The chapter in Rowan and Gillette's book called "Sexual Injury" opens with the contention that almost all sexual injury occurs "anorectally" among males and is suffered by the person who is penetrated. To mitigate the problem, vaseline or KY are recommended. Included in this section is a table, "Comparison of Anus/ Rectum and Vagina in Terms of Prob-

The chapter "Going Straight" is likely to engender a medical problem of its own. An increase in the reader's blood pressure is virtually guaranteed.

While homosexual desire and/or activity need not be emotionally troublesome, there are some men and women who find it so and would like to pursue heterosexual relationships exclusively. This is certainly possible, though some people find it more difficult to change their orientation than others.

Thus are gay people categorized and circumscribed by their sexuality and should they experience any difficulty therein the "obvious" solution lies in changing their orientation.

"Behavioral scientists disagree vehemently about the causes of homosexual desire and the best ways to deal with it...." We are offered summaries of six of the most promising candidates for salvation. They could have saved themselves the trouble. Thousands of us are all too familiar with the horrors visited upon us by the self-appointed "authorities" who have long devoted themselves to changing our orientation. As eloquently expressed by members of the Gay Socialist Action Project at the New York Academy of Medicine (April, 1976): "For too long we have been diagnosed, prognosed, counseled, helped, treated and cured. We have been psychoanalyzed, tranquilized, hypnotized, psychodramaed, group therapied, hormone treated, shock treated, aversion treated, lobotomized, hysterectomized, clitoridectomized."

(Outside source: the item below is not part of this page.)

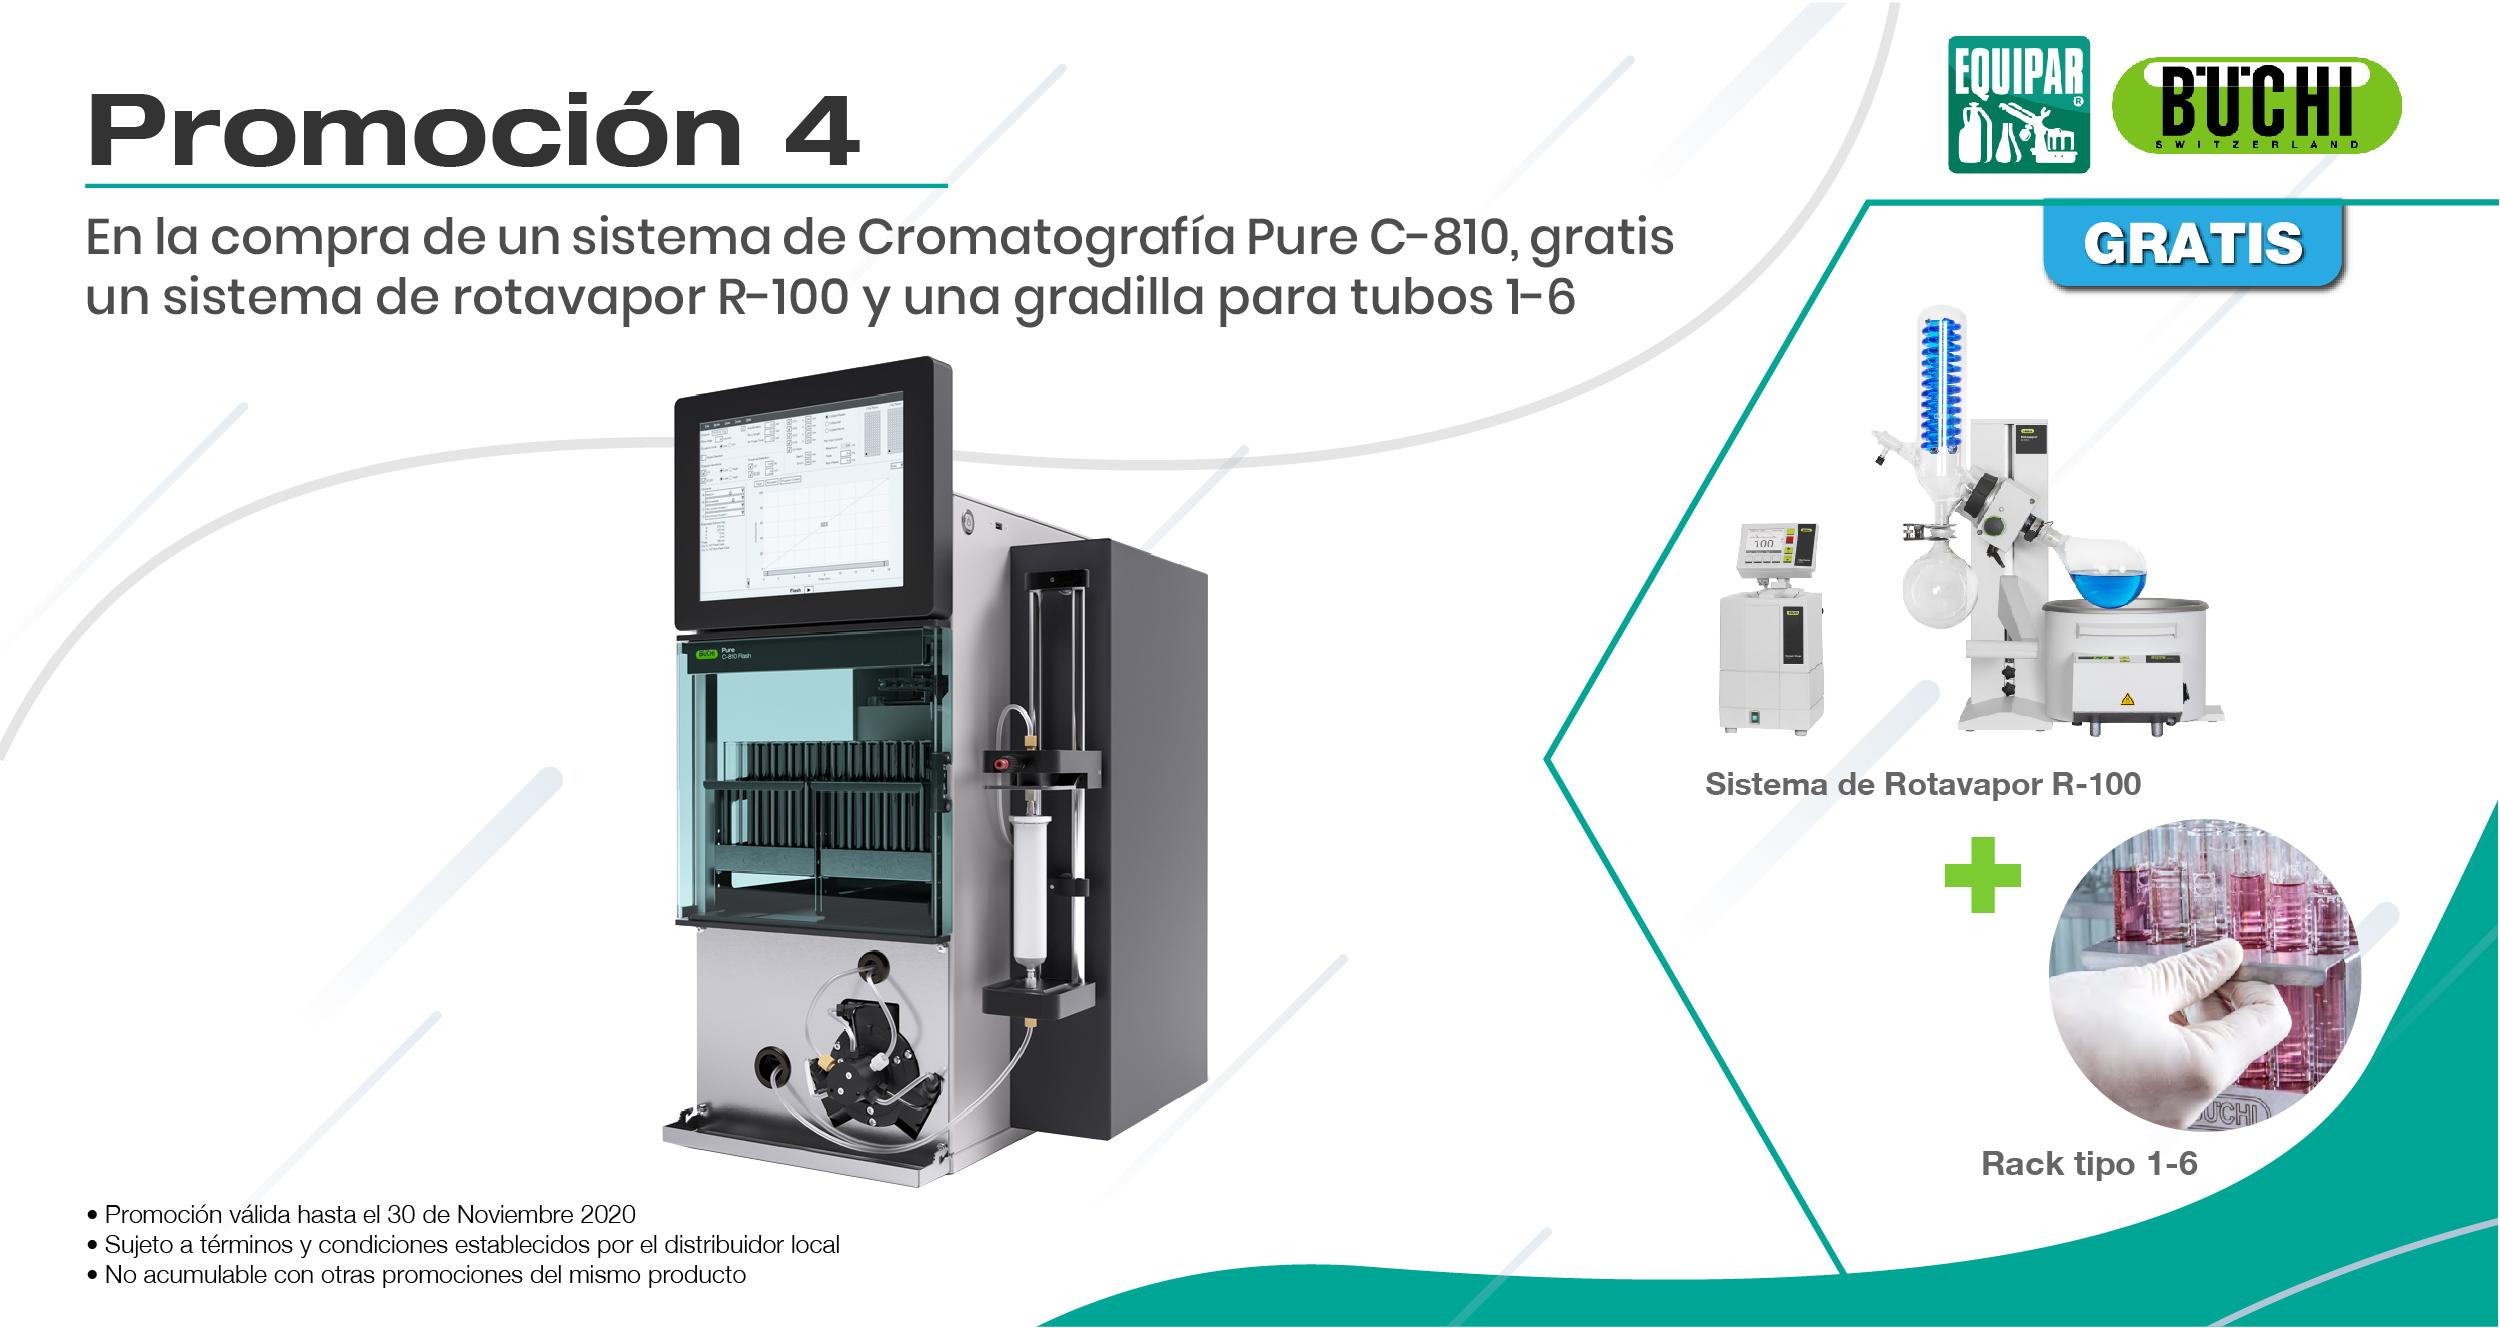 Cromatógrafo Pure C-810 Image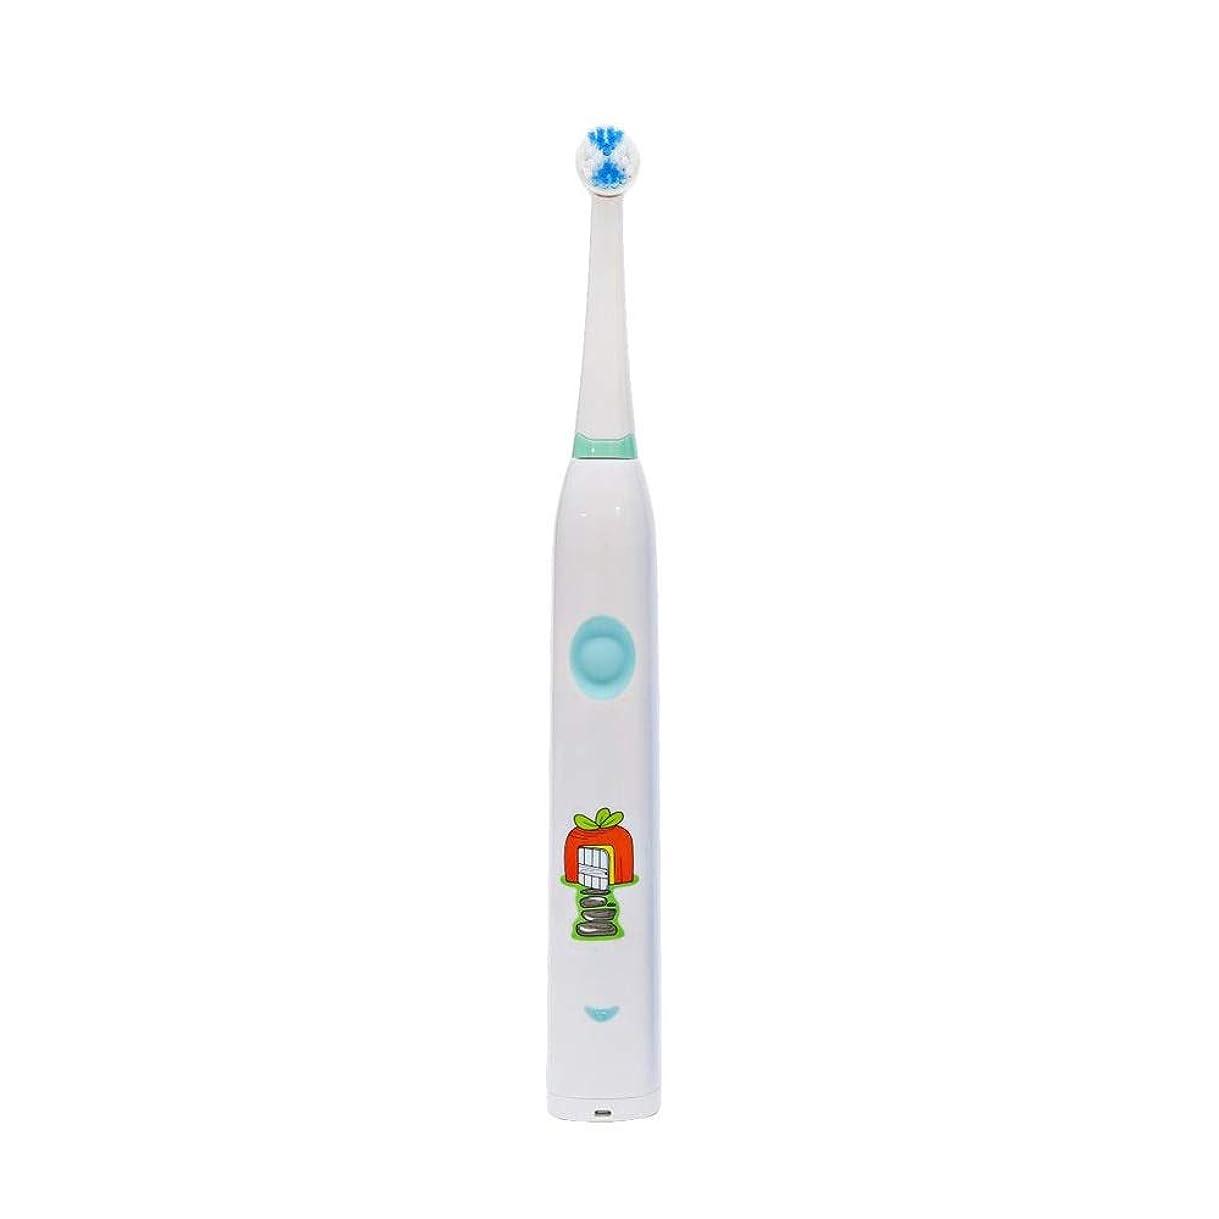 イデオロギー考古学者横たわる電動歯ブラシ 子供の電動歯ブラシかわいいUSB充電式歯ブラシ、毎日の使用 大人と子供向け (色 : 白, サイズ : Free size)

Rowan and Gillette carefully avoid the use of the word "cure" which certainly must have been a struggle, for what else. are they talking about? Having stated on page four "homosexuality is not an illness," it is apparent that the doctors suffer from a severe case of literary amnesia.

The final chapter, "Transsexualism," insofar as it describes in detail the surgical procedures of sex-change operations and the legal and personal problems of transsexuals, is quite valuable. However, the authors raise more questions than they answer as they take as a matter of course that transsexuals are homosexuals. Is homosexuality the attraction to the same sex as defined solely by anatomy? That the authors do not define homosexuality at least for the purpose of this chapter constitutes a serious oversight.

As for the health hazards of the homosexually active being "many and serious," one cannot help but wonder, compared to what? Are the health hazards of the heterosexually active few and frivolous? As for minimizing these hazards, this is what is proposed: abstinence, monogamy, condoms, and attempting "to be surreptitiously on the lookout for symptoms without offending the potential possessor of them..." Finally, "Visit regularly a VD clinic or a private physician." In other words, not very much.

The Gay Health Guide is an overwritten essay on one aspect of la condition humaine. The suggestion that relatives and friends will learn something from it about "homosexuality in general" verges on insult. Such persons would benefit themselves more by learning elsewhere about gay and lesbian people.